To guarantee Strong Consistency (meaning you always read the latest data), you must follow this mathematical rule:

$R + W > N$

Why does this work? It guarantees an overlap. If you write to enough nodes and read from enough nodes, statistically, at least one node in your “Read group” must have been part of the “Write group.”
Why not just require “All” nodes?

You can set $W=N$ (Write to All). This gives you perfect consistency, but it destroys Availability. If you require $W=3$ (all 3 nodes must write), and one node crashes, your entire database stops accepting writes.

Quorums allow you to tolerate failure. With $N=3$ and $W=2$ , you can lose 1 server and still keep working perfectly.
What if reads are not consistent ? The “Sloppy Quorum” Trap

A Sloppy Quorum is a configuration where the database accepts read/write votes from any healthy nodes in the cluster, even if they are not the “official owners” of that data.
It is a mechanism designed to prioritize High Availability over Consistency. Just for the math R+W > N

The Scenario: Imagine you have $N$ nodes, with $W = 2$ , and selected following 2 nodes in ring : A and B. You try to Write to them, but Node A is down.
- Strict Quorum would say: “Write Failed. I cannot reach 2 nodes.”
- Sloppy Quorum says: “Node A is down, so I will write to Node D (next available node in the ring) just to keep the data safe.”
Sloppy Quorum relies entirely on a feature called Hinted Handoff.
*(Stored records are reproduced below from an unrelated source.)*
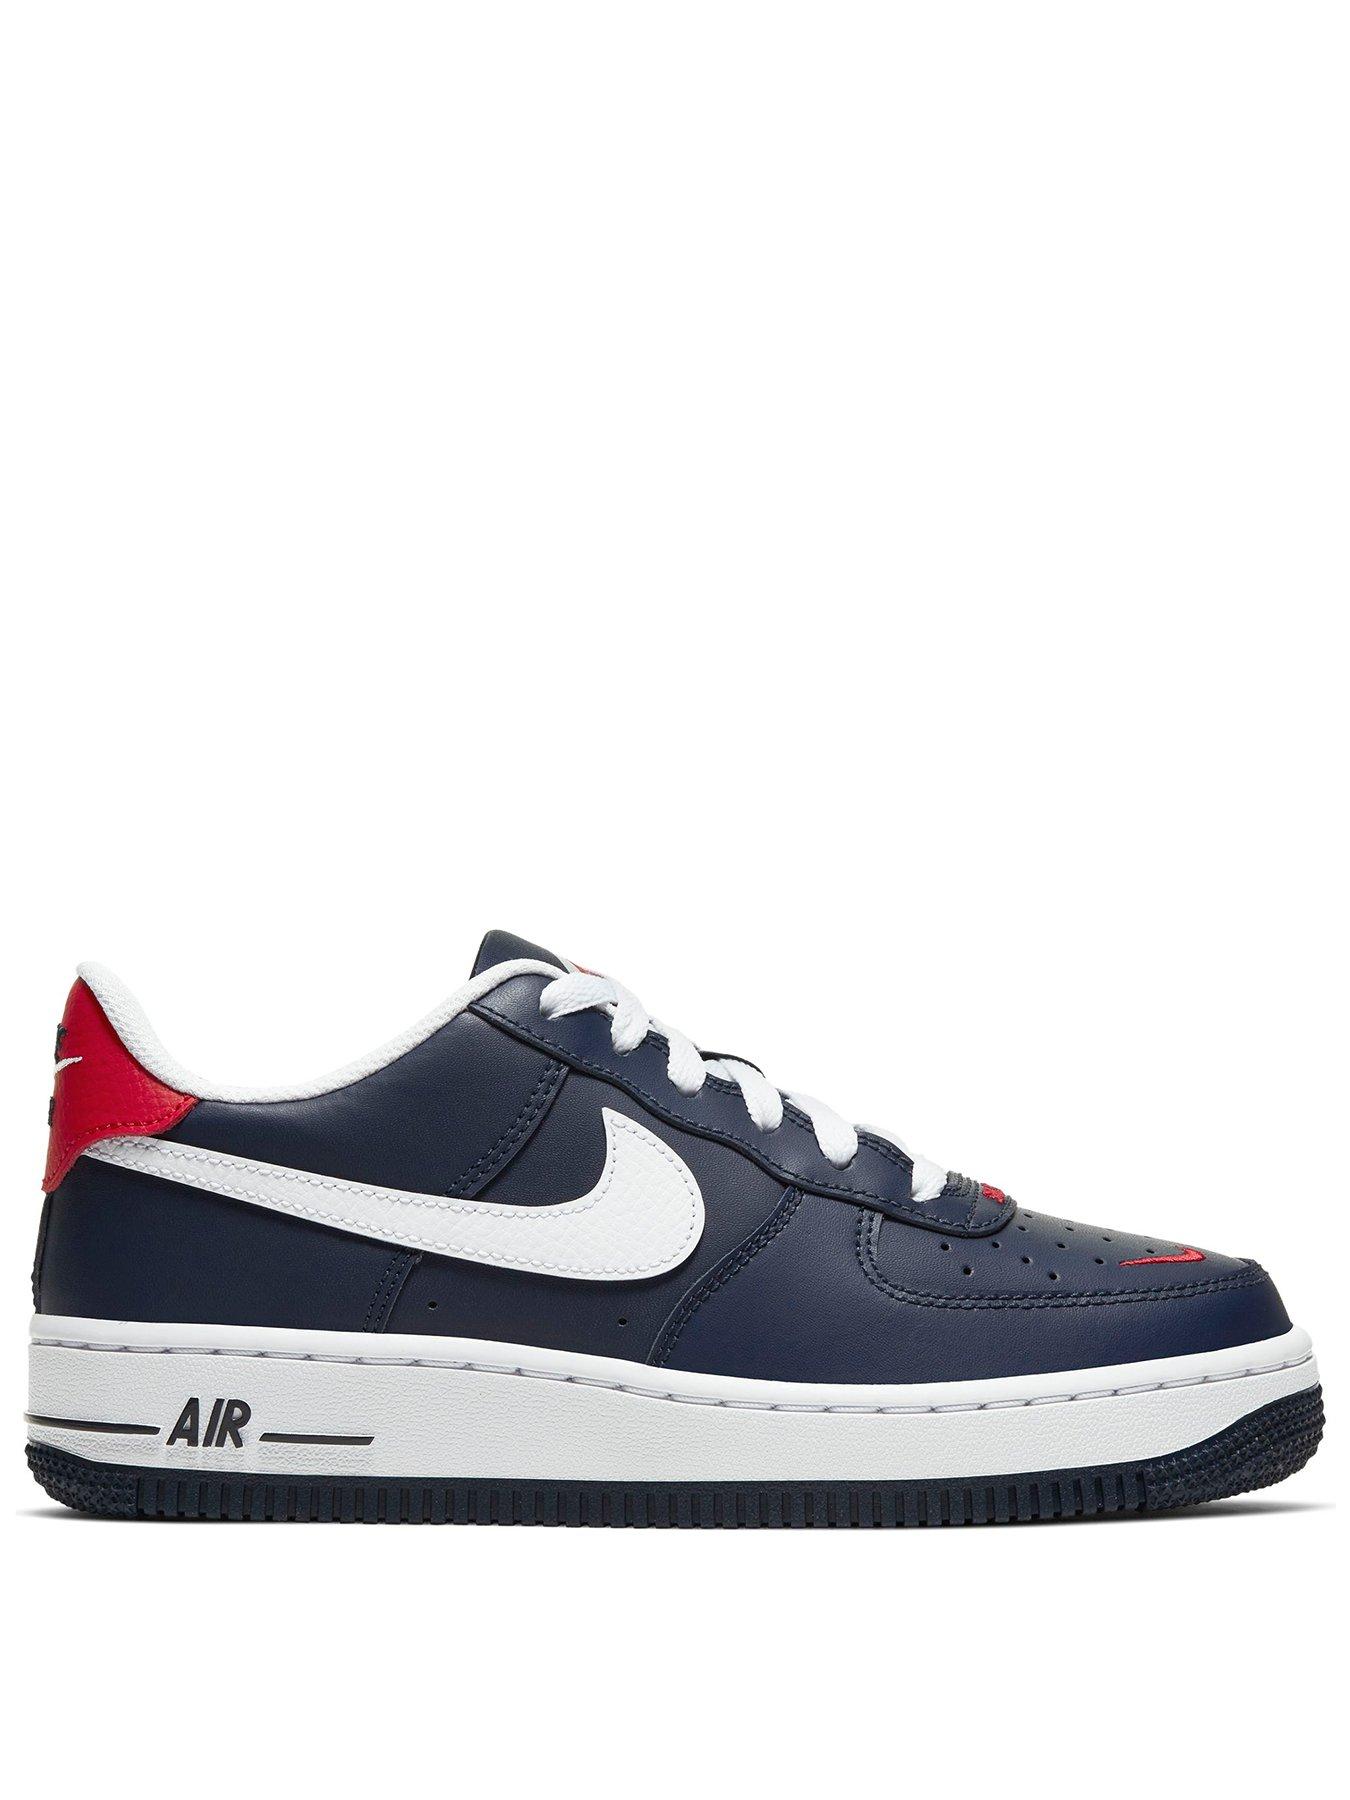 nike air force 1 junior size 3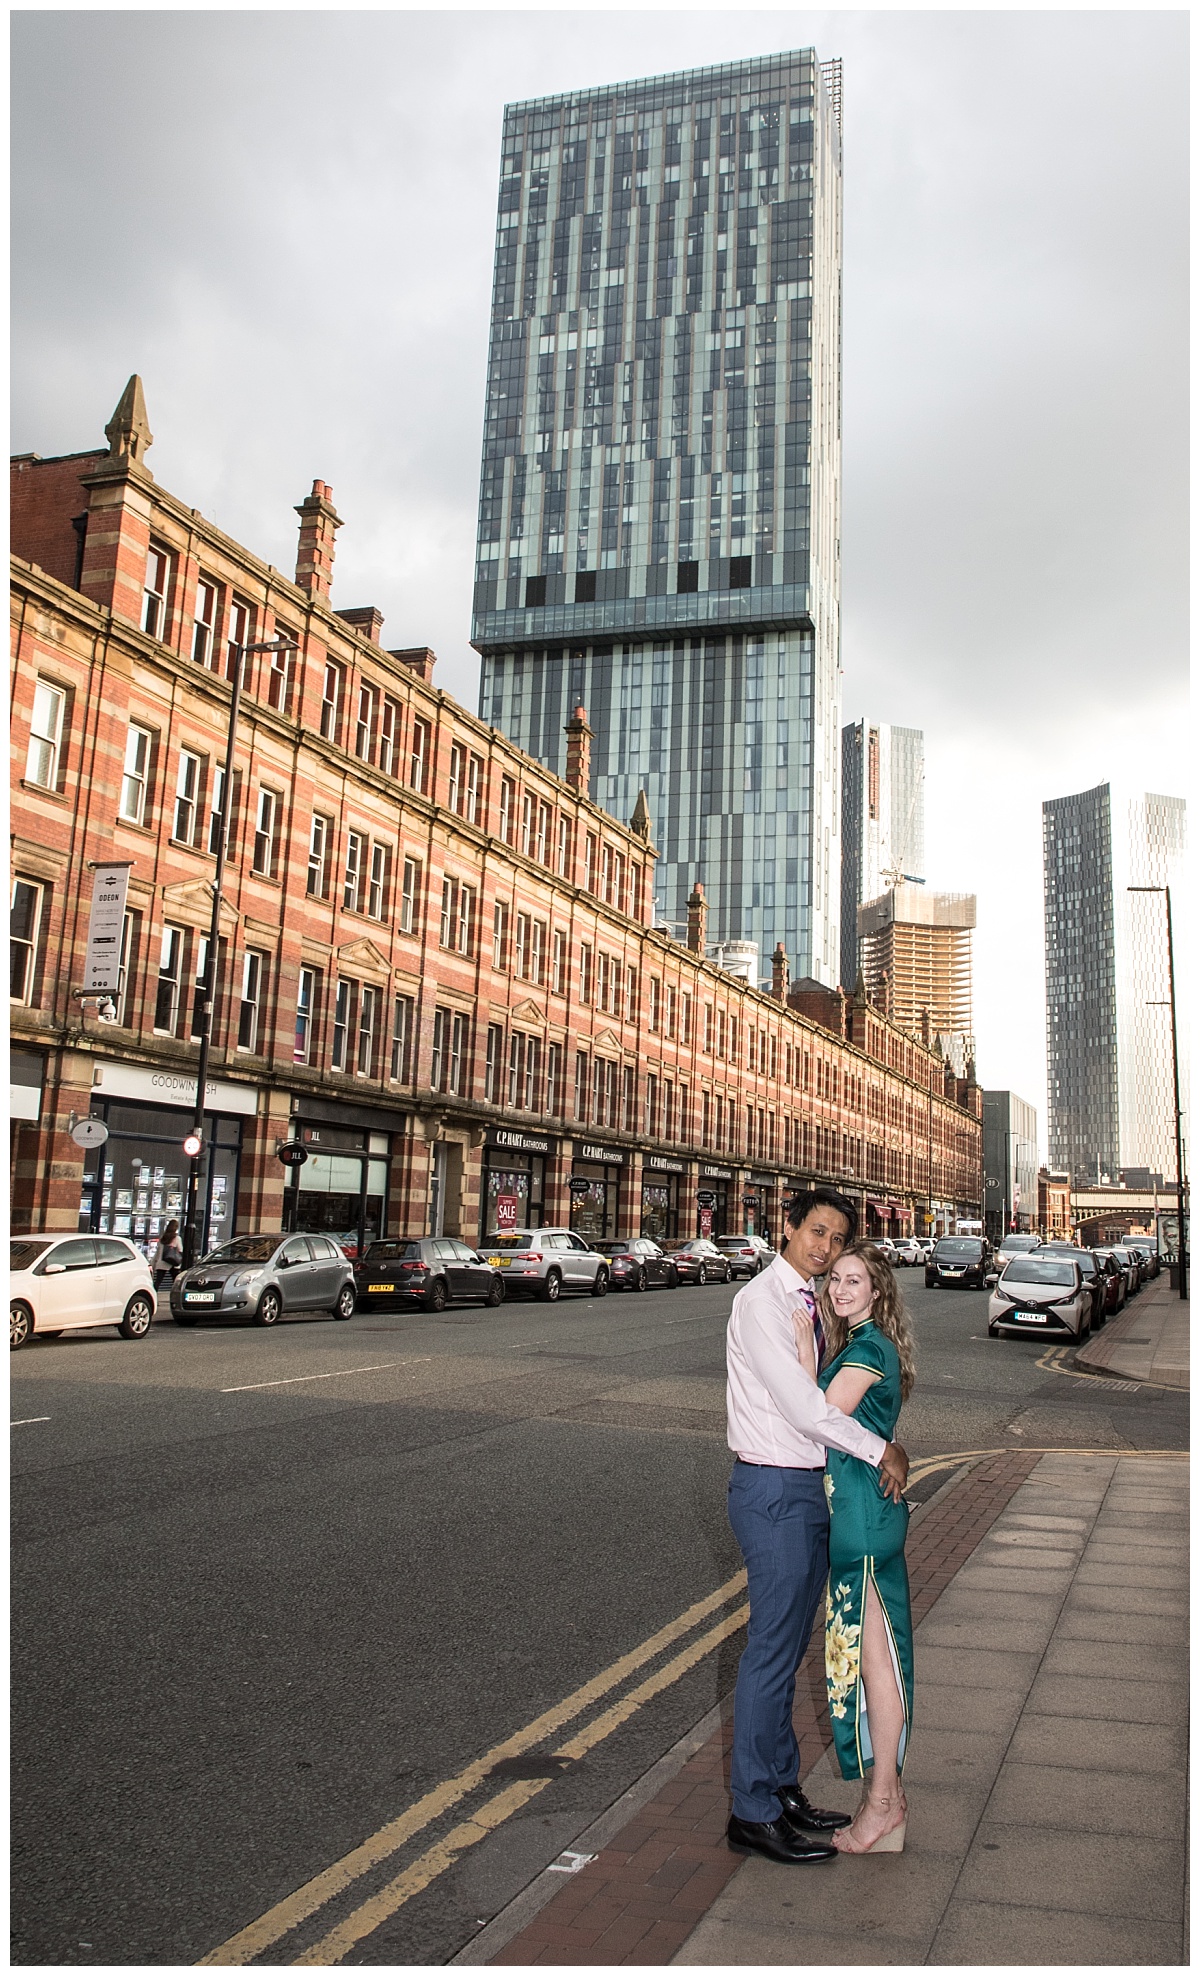 Wedding Photography Manchester - Stephanie and James's Pre wedding Shoot in Castlefield 1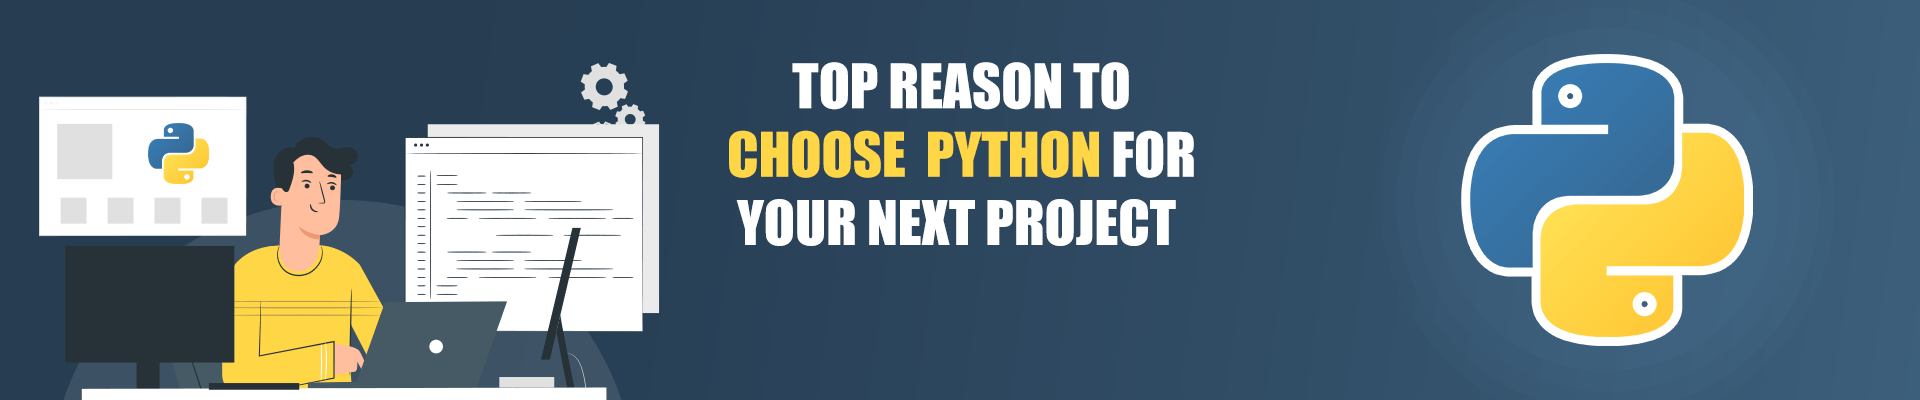 Reasons to Choose Python for Your Next Project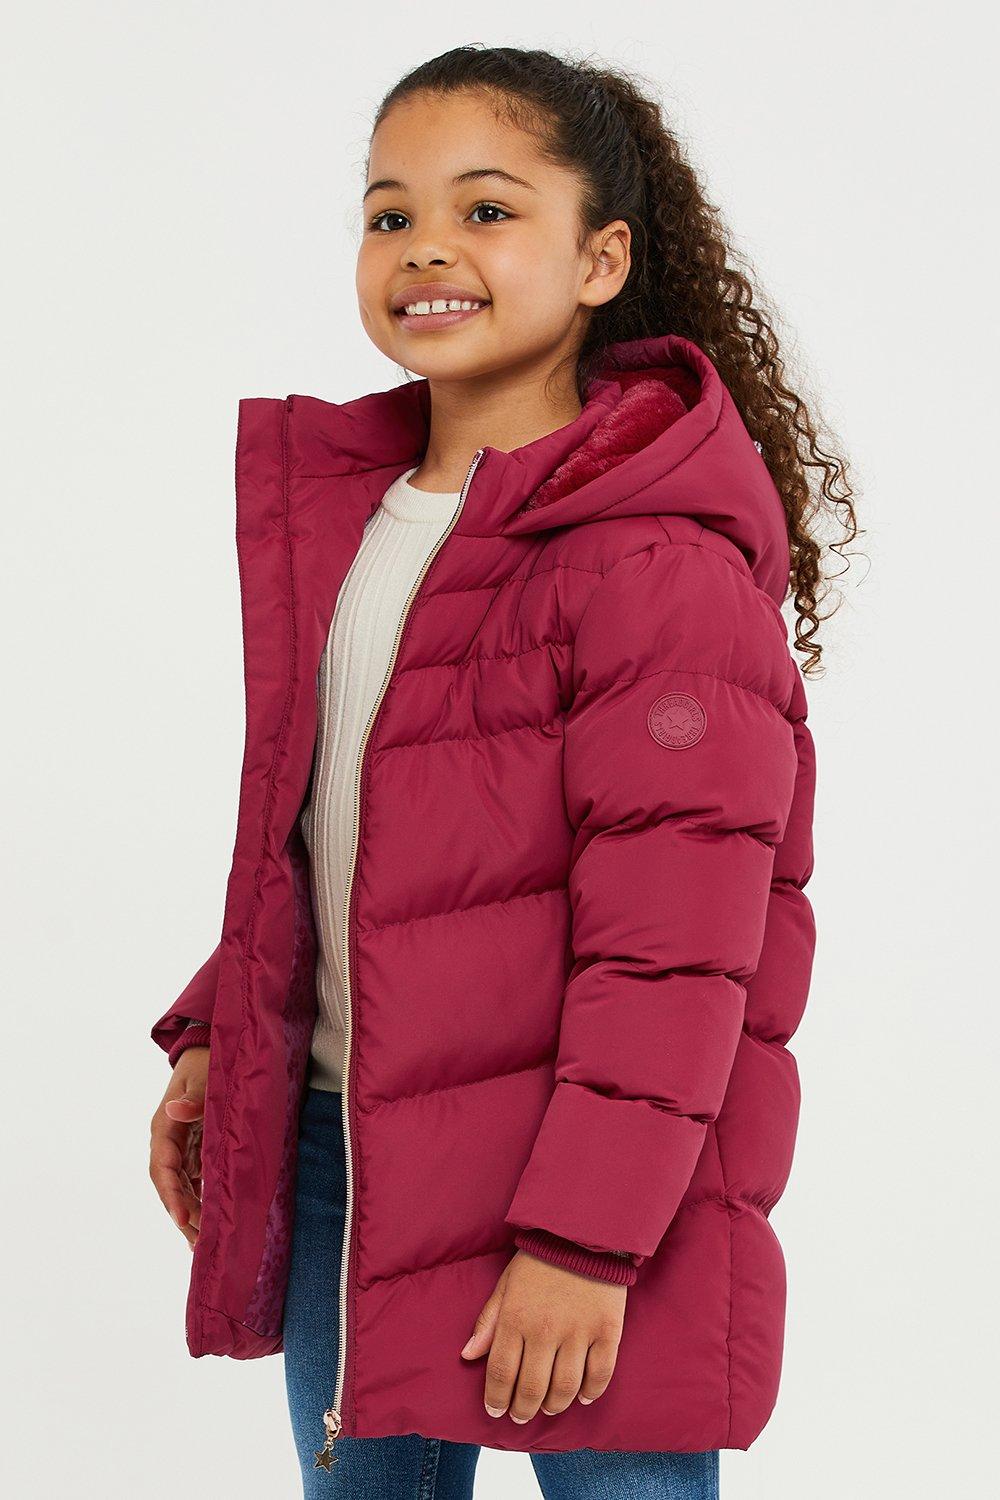 Abercrombie Girls Coats Wholesale Discounts, 62% OFF | 6ballygungeplace.in

When a “substitute” node (Node D) accepts a write meant for Node A, it stores the data in a separate folder with a sticky note (a “Hint”) that says:

“This data belongs to Node A. Please deliver it to them as soon as they come back online.”

Why the read misses Node D (The Inconsistency) ?

When you come back 1 second later to READ the data $(R=3)$ : Your client calculates: “This data belongs to the 1 o’clock range.”

Your client knows the “Home” nodes for 1 o’clock are A, B, and C. It sends a Read request to A, B, and C.

Node A: Is down (Timeout).

Node B: Has the new data.

Node C: Might be slow or have old data.

Crucially: The client does not know to check Node D. Node D is the “neighbor,” and the client generally doesn’t knock on neighbors’ doors for data; it goes to the specific addresses where the data should be.

The Fix (Hinted Handoff)
The inconsistency is resolved when Node A comes back online.
Node D notices Node A is alive.
Node D “hands off” the data to Node A.
Node A writes it to disk.
Now, when you read from Node A, B, or C, everyone has the correct data.

Quorum reconcilation

When the coordinator polls $R$ nodes and finds they have more than 1 values, how does it fix the stale nodes?

If the coordinator finds a mismatch (e.g., Node A has v1, Node B has v2), it triggers one of the following strategies to resolve the conflict and propagate the truth.

Read repair (“Lazy” fix) - most common During the read request, system realizes while reading that some nodes are out of date and fixes them on the fly
Active Anti-Entropy (“Background fix”) Read Repair only fixes data that people are actually reading. But what about “cold” data that hasn’t been touched in months?

To fix this, systems use Active Anti-Entropy (AAE) using Merkle Trees. The system narrows down exactly which specific row is different and repairs only that row.

Conflict Resolution (The “Tie-Breaker”) When the coordinator sees different data from different nodes, it needs a rule to decide which version is the “Truth” before it can repair the others.

a. Last-Write-Wins (LWW) - Physical Time - most common

Rule : Whichever piece of data has the highest timestamp is the Truth. Risk : If server clocks drift (NTP issues), you might overwrite newer data with older data.

b. Vector Clocks - Logical Time Used when you cannot trust wall clocks or need to handle concurrent edits.

Mechanism: Data isn’t just a value; it’s a list of version counters: [NodeA: 1, NodeB: 2].
Scenario:
Data X: [NodeA: 1]
Data Y: [NodeA: 1, NodeB: 1]
Logic: Since Data Y contains everything in Data X plus more, Y is the newer version. The system auto-resolves to Y.
Conflict: If you have [NodeA: 2] and [NodeB: 2] (siblings), the system cannot decide. It returns both versions to the client application and asks the Application Developer to merge them logicially.

c. CRDTs (Conflict-free Replicated Data Types) Mechanism: The data structure itself is designed so that it is mathematically impossible to have a conflict. used in Redis enterprise.